けあぽーときゃんぱすサービス管理責任者・髙本一朗さん
「かなり衝撃を受けたというか感動しましたね。どうしてもわれわれは枠にとらわれて見がちなので。もう全て受け入れる、開放するっていうのを職員でやっていきたいなときょうは強く思いました」

問題行動と捉えがちな行動もアートに

障がい者の特性をいかに個性として受け入れ、表現や作品にしていくか。障がい者とぶつかり合いながらも、ありのままを受け入れようと試行錯誤している施設もあります。光市の「福祉メイキングスタジオうみべ」。建物から2人の男性が出て行きます。利用者のOjiさんとオカピーさんです。

Ojiさん(49)
「あー気持ちええね、きょうは」

オカピーさん(53)
「うん、気持ちいい」

Ojiさん
「気温はいいね」

オカピーさん
「気温はいい、うん」

Ojiさんとオカピーさんはうみべに出勤すると毎日、施設周辺の室積地区に散歩に出ます。散歩中の2人の会話を記録しそれをSNSに投稿したところ評判になり、今では2人の散歩の動画を作るほどになりました。多くの施設では問題行動とされるであろうただの散歩が仕事になったのです。

Ojiさん
「きのうなんかも『あれ、よく会いますね』って声かけられたり、そういうことがあるとすごいうれしいですよね」

オカピーさんは絵も描きますが、当初は売れませんでした。しかし、散歩をはじめ彼の性格、個性といった背景も作品と一緒にアピールすると人気が出始めました。

オカピーさん
「散歩でイメージが沸いてきます。
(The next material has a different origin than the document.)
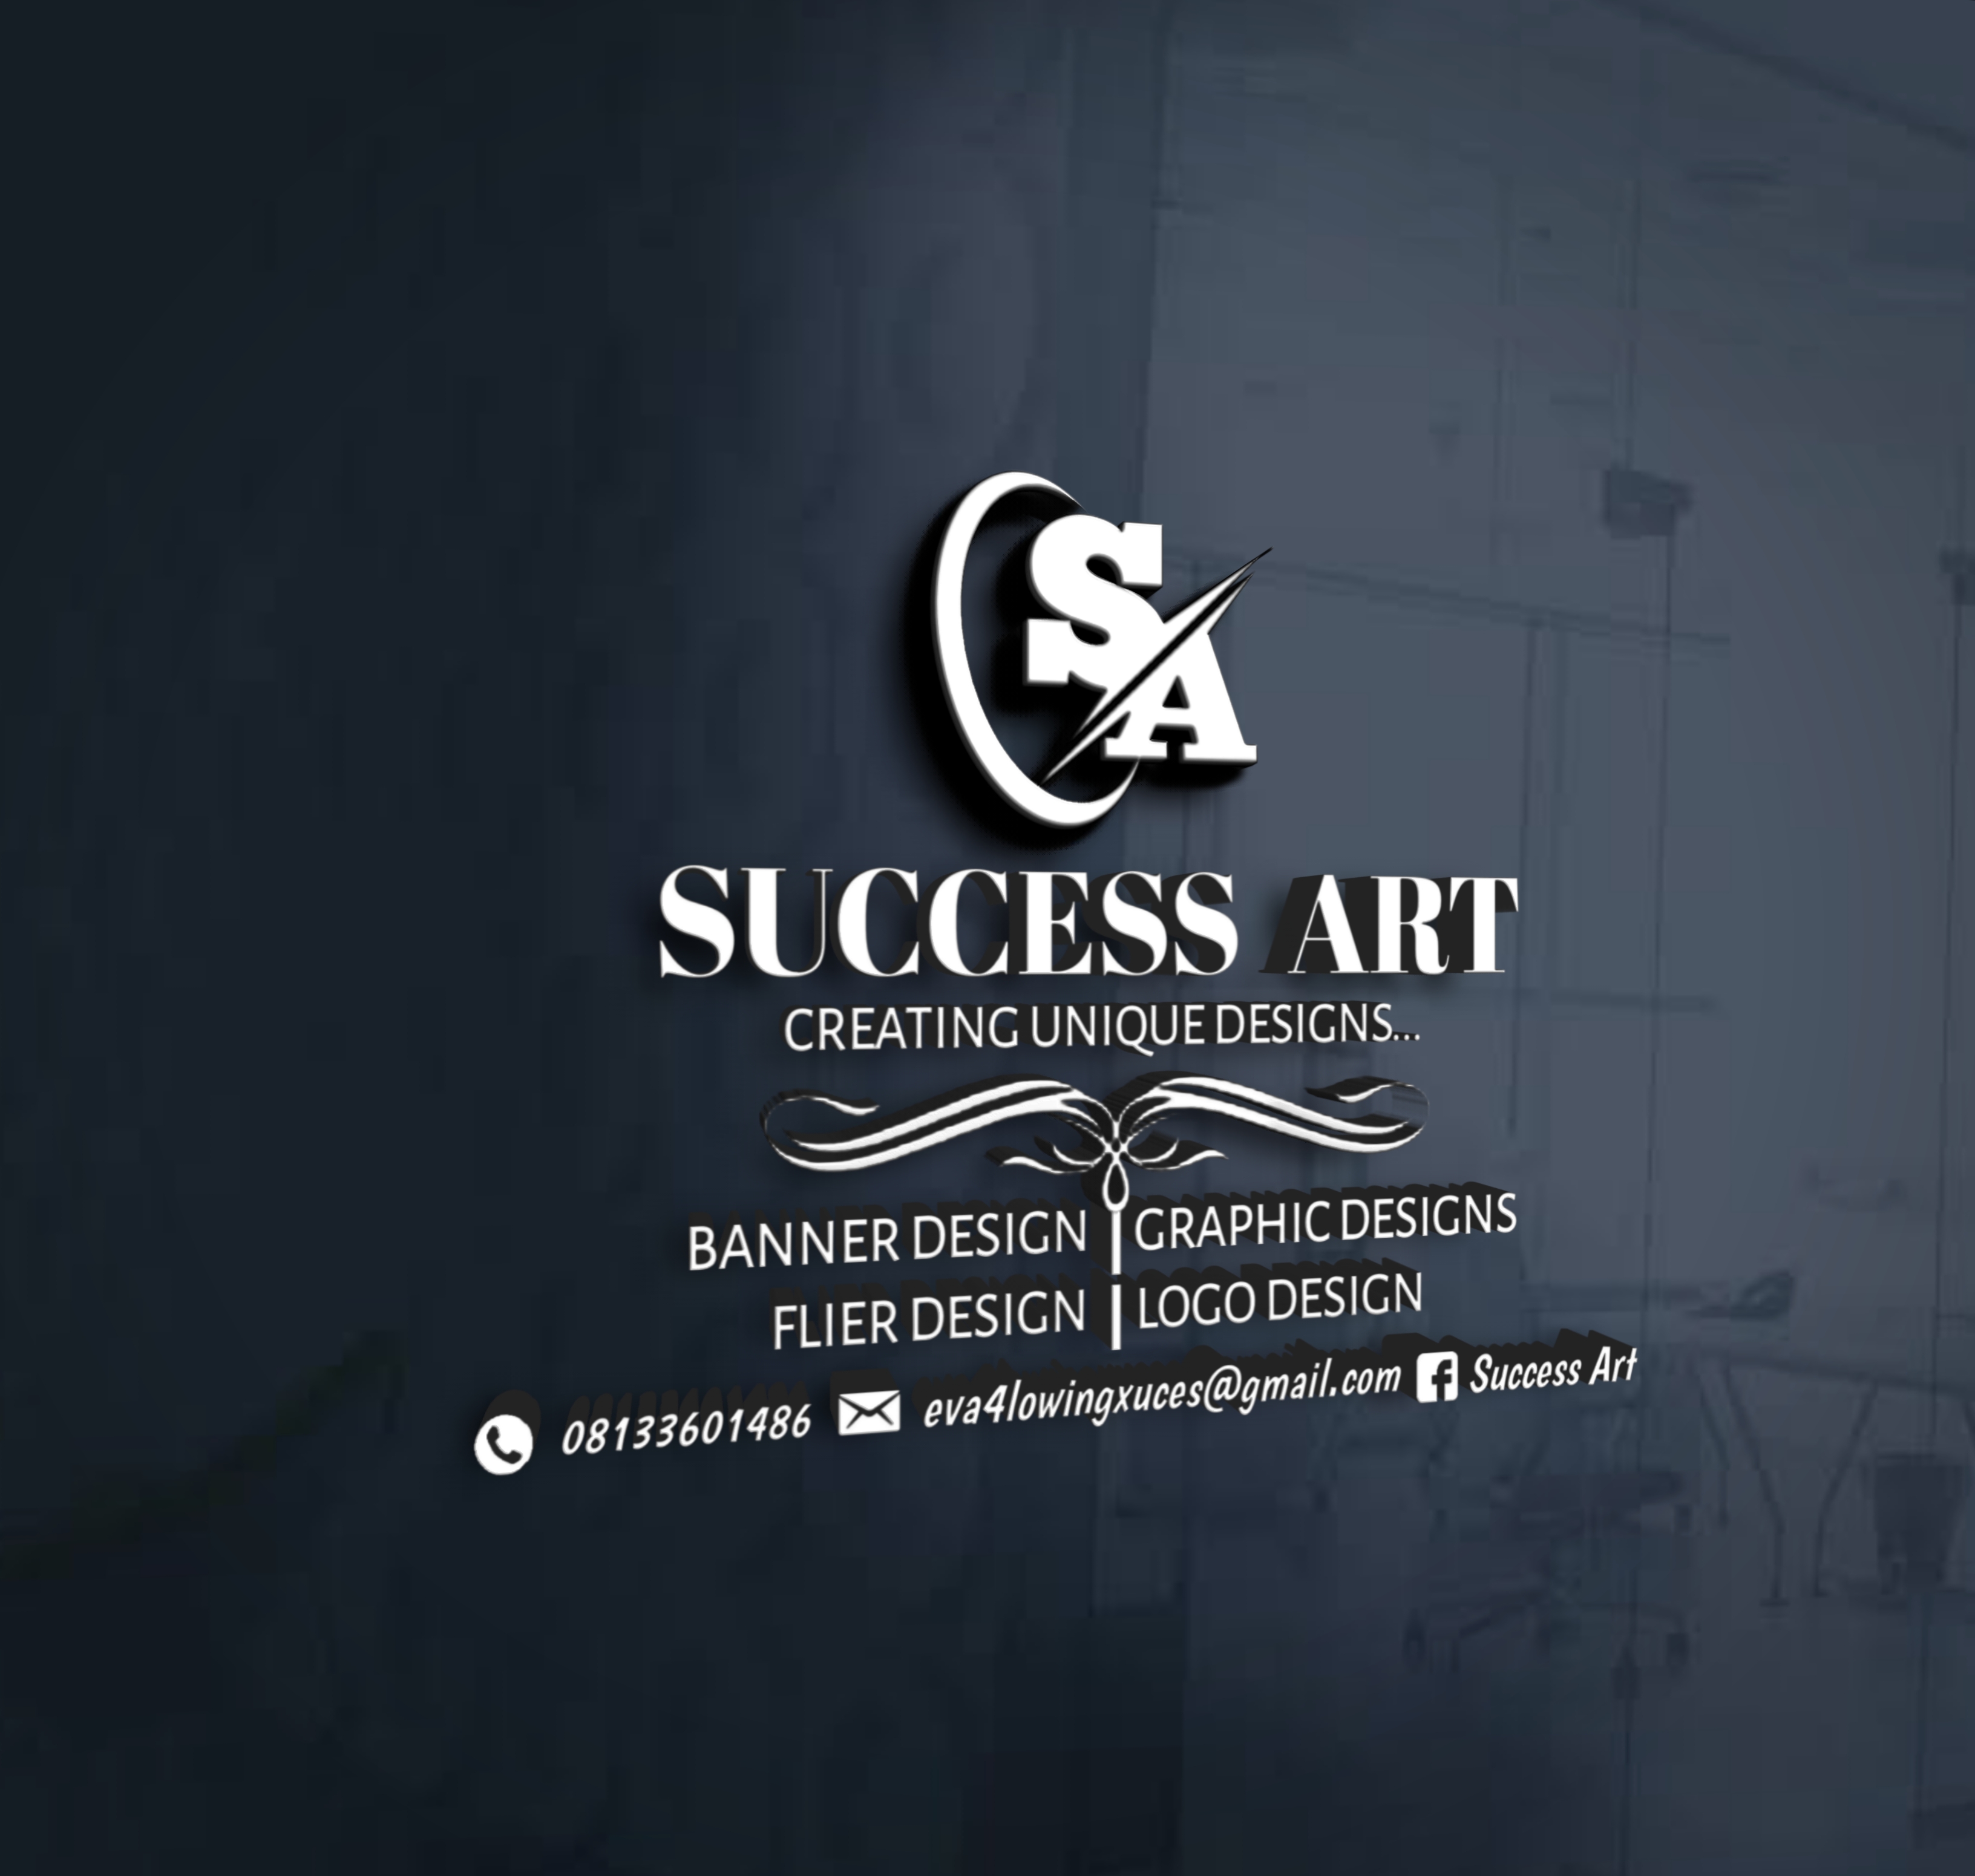 Success Arts provider

Ojiのおかげで助けられてるんで。こうやって仕事させてもらうのも達成感があるし」

2人の散歩の様子はデザイン化され、商品になっています。

福島さん
「人間本来散歩って幸せな時間であるべきってのを教えてくれていますね」

福祉メイキングスタジオうみべ代表 前﨑知樹さん
「そうなんですよ、僕たちもそれを意識してなかったけど、彼らがそういうふうにたくさんの人たちを笑顔にするんなら」

福島さん
「1人1人の個性をポジティブに」

前崎さん
「そうですね」

障がい者の誰もがアートに興味があるわけではありません。ここでは心地よいと感じる場所に、寝転がる人もいればしゃぼん玉を吹く人もいる。障がい者の強烈な個性をポジティブに捉えてその人なりの意思表示、表現方法として受け入れています。

前崎さん

「利用者、アーティストの背景を考えるっていう発想ですね、この発想がもっとたくさんのところに広がれば、きっと問題行動がアートに変わる時代がくるんじゃないかなって感じました」

制度の枠を超え地域全体で支える

従来の福祉の枠組みから離れ、施設や制度の壁を越えて地域全体で障がい者の創作活動を支える仕組みをつくる。さまざまな施設や障がい者がそれぞれの思いを抱える中、松村さんの起業に期待が寄せられています。

障がい者の家族
「本人が好きで描いてる絵なんですけれども、こういった形でみなさんの目にとまるとは、夢にも思ってなかったので」

別の家族
「障がいのある方々に光があたり、また人生が豊かで幸せなものになっていけたらいいなと本当に親としてありがたく思います」

松村さん
「本当にこれ感動するなっていう思い1本で、表現活動のファンとして携わることができてるってことで、企業や地域社会のみなさんが1人でも多く、障がいを持つ方々の可能性を知って、アーティストのファンが地域で増えていく、そして認めていただいた作者、アーティストたちがその地域で受け入れられて愛されて生きていく、そんな社会を夢見ています」

誰もが地域で生きがいを感じて、働くことができる。未来を豊かにするための挑戦です。